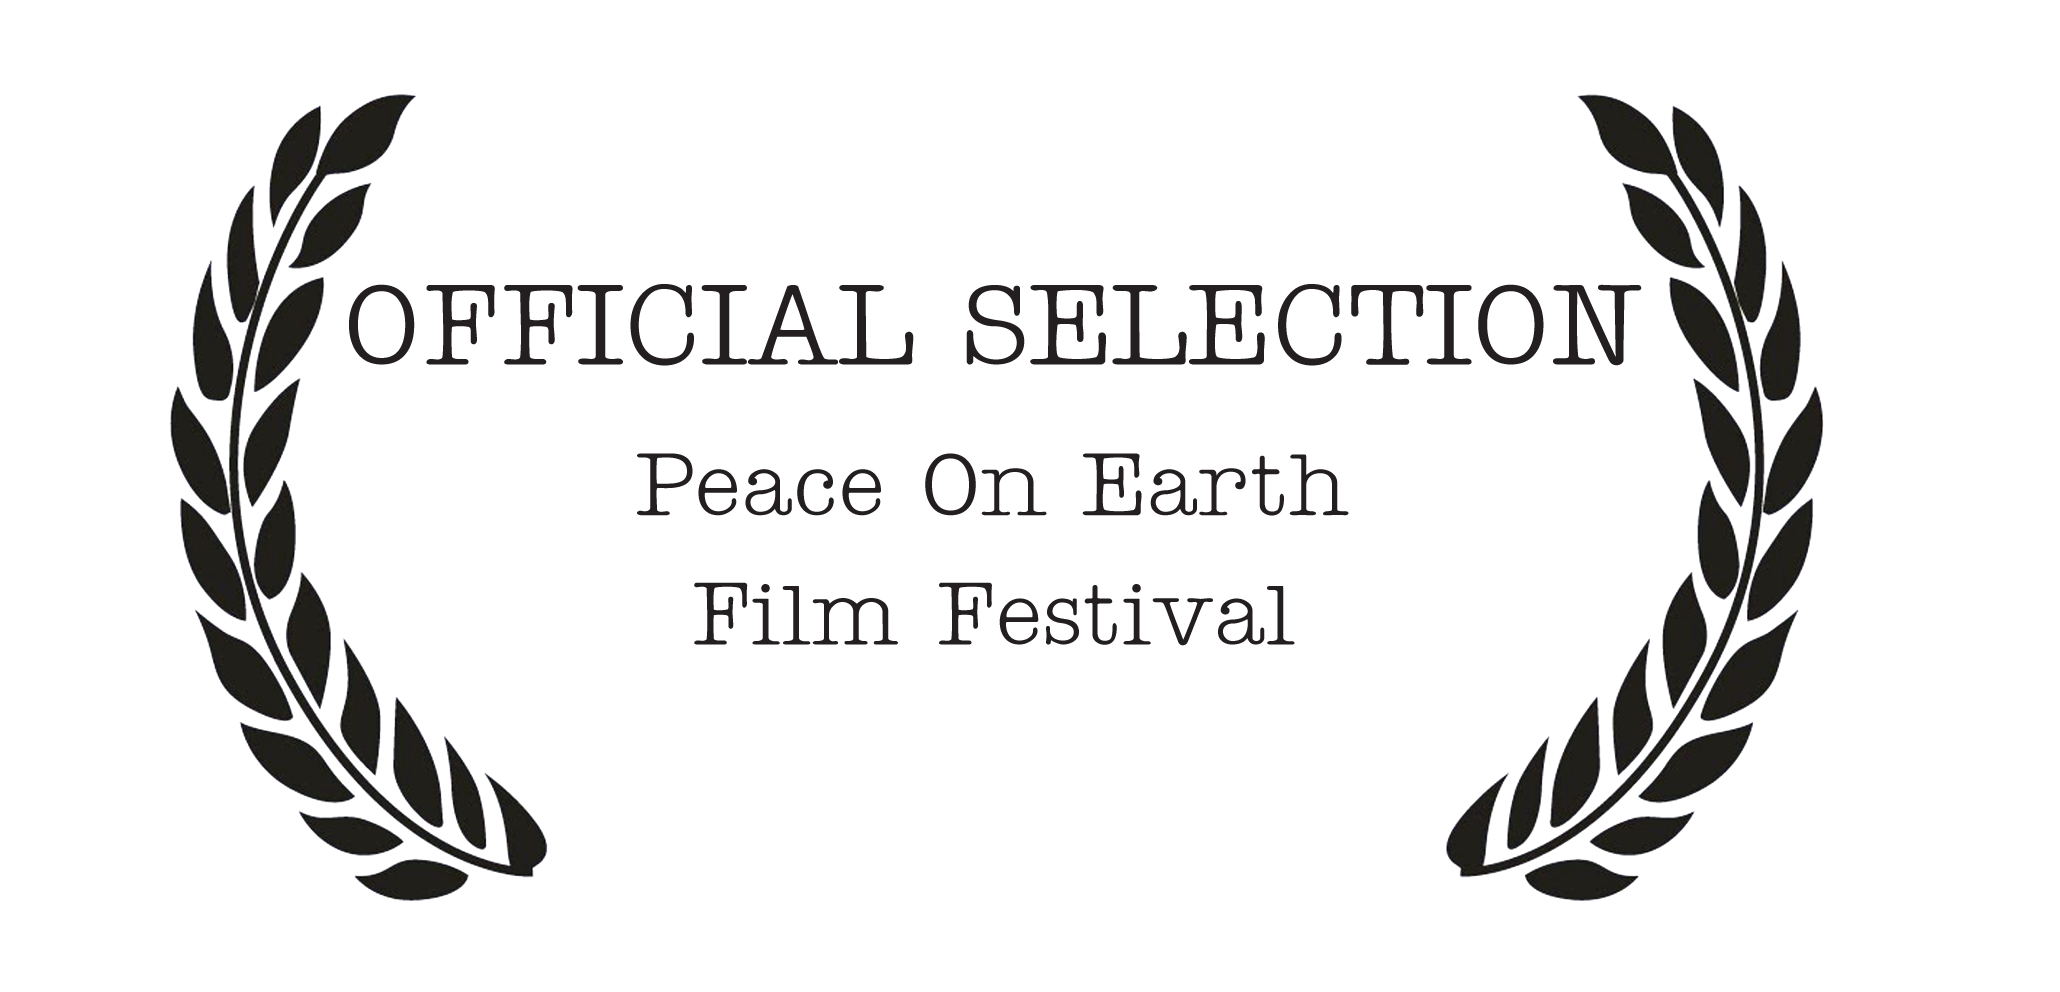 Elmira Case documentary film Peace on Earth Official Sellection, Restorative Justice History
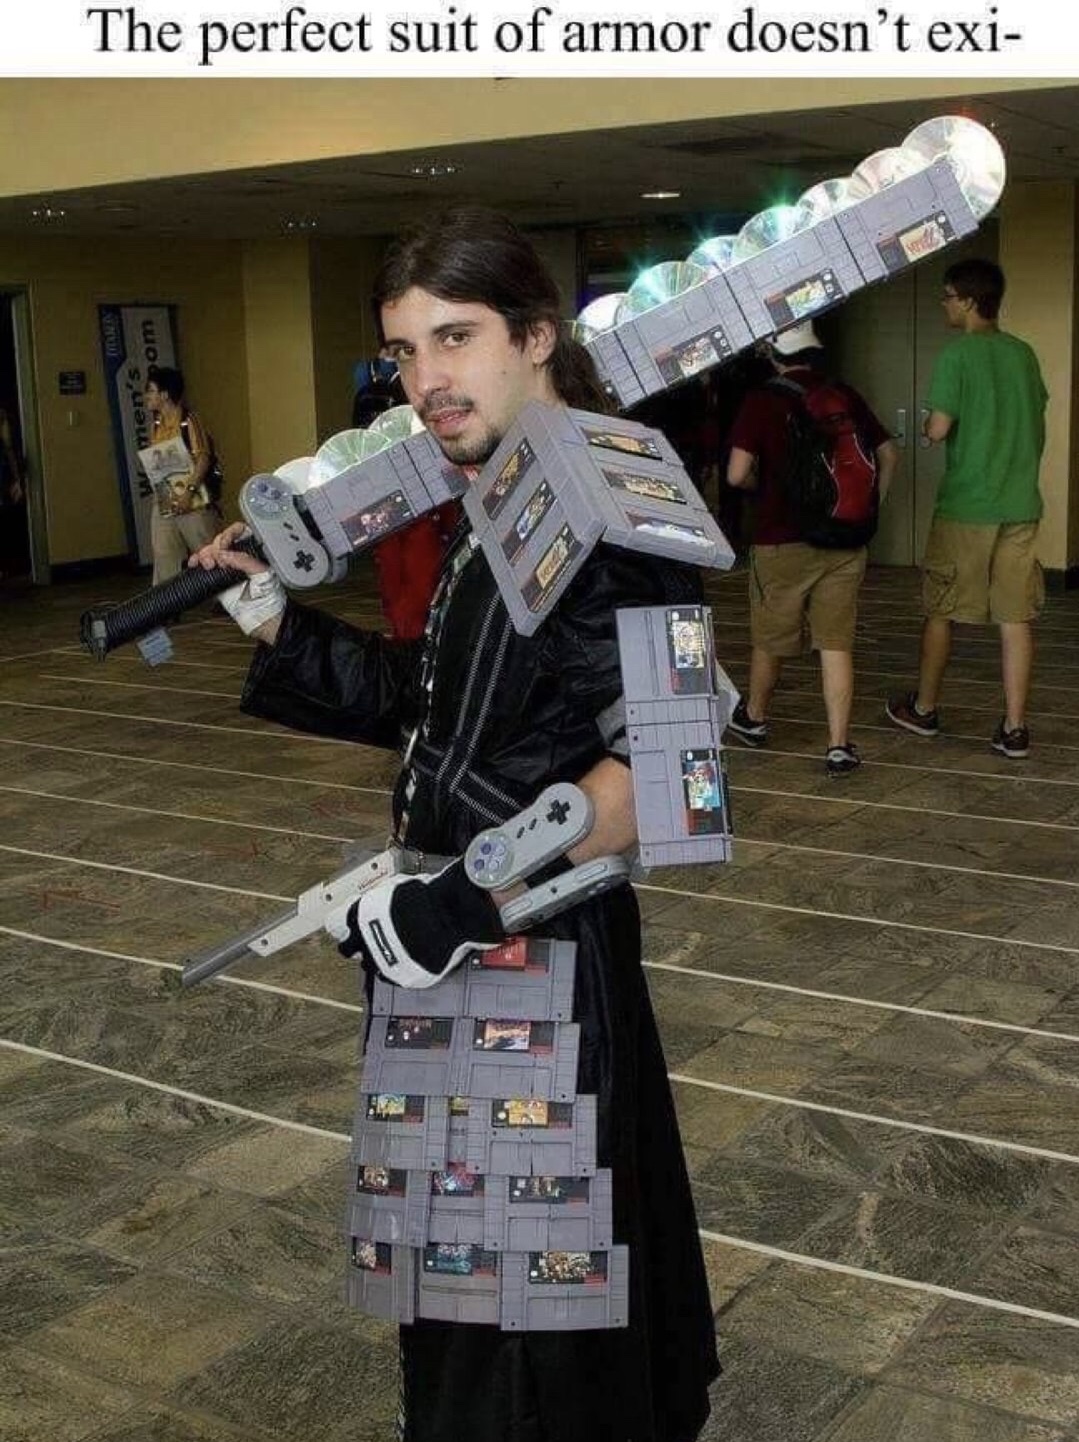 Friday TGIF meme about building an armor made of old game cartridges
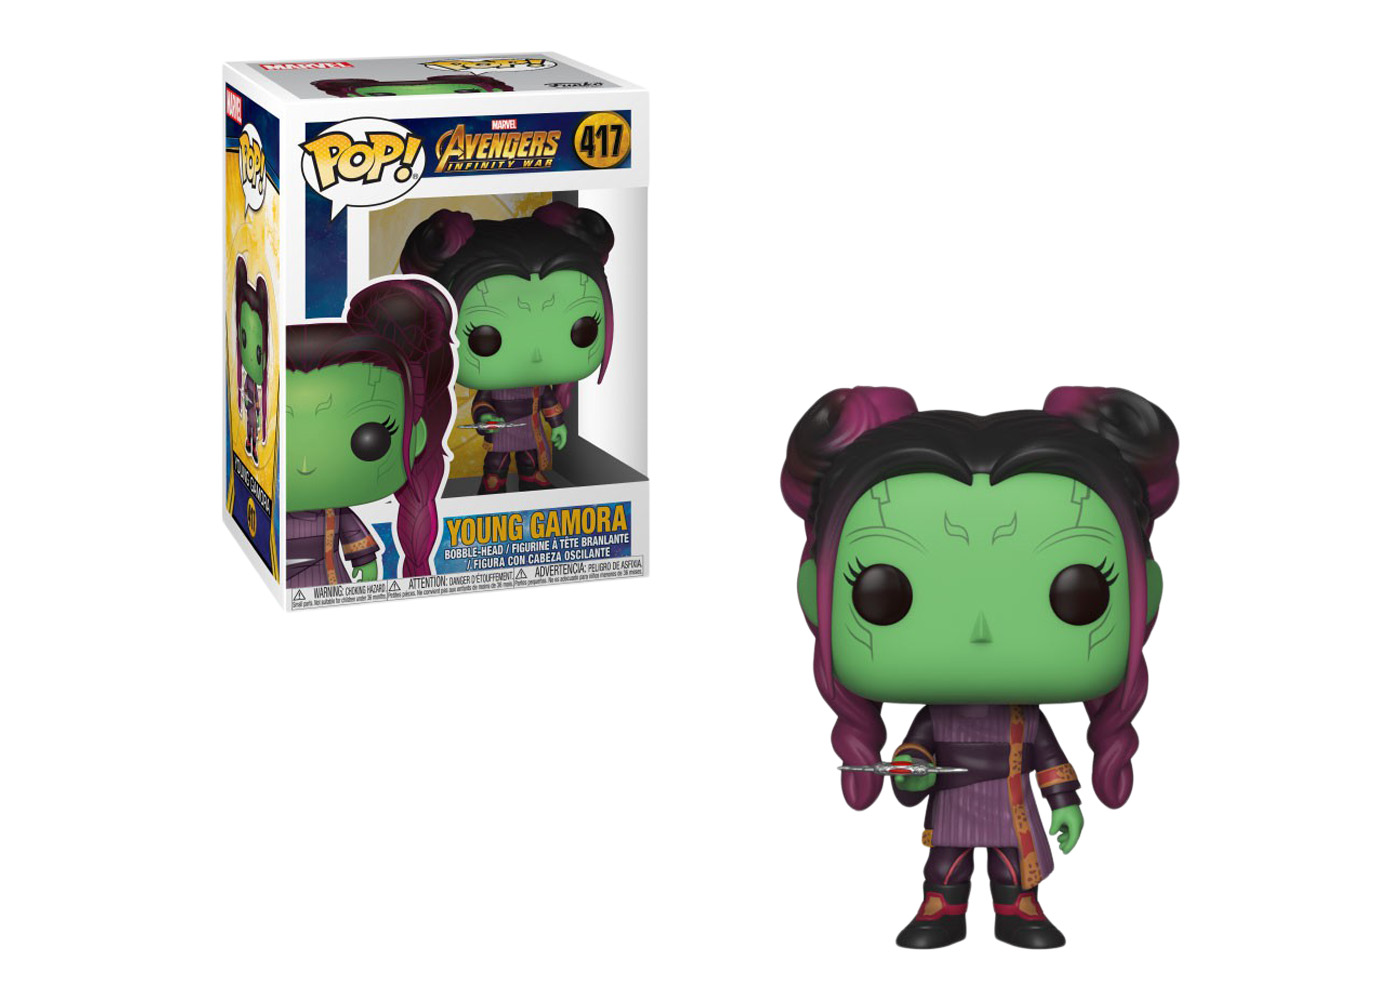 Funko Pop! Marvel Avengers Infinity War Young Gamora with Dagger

— Task instructions —
Copy the listing over exactly, skipping the pictures it holds.

— Output —
 Elmira Case documentary film Peace on Earth Official Sellection, Restorative Justice History
 Friday TGIF meme about building an armor made of old game cartridges
 Funko Pop! Marvel Avengers Infinity War Young Gamora with Dagger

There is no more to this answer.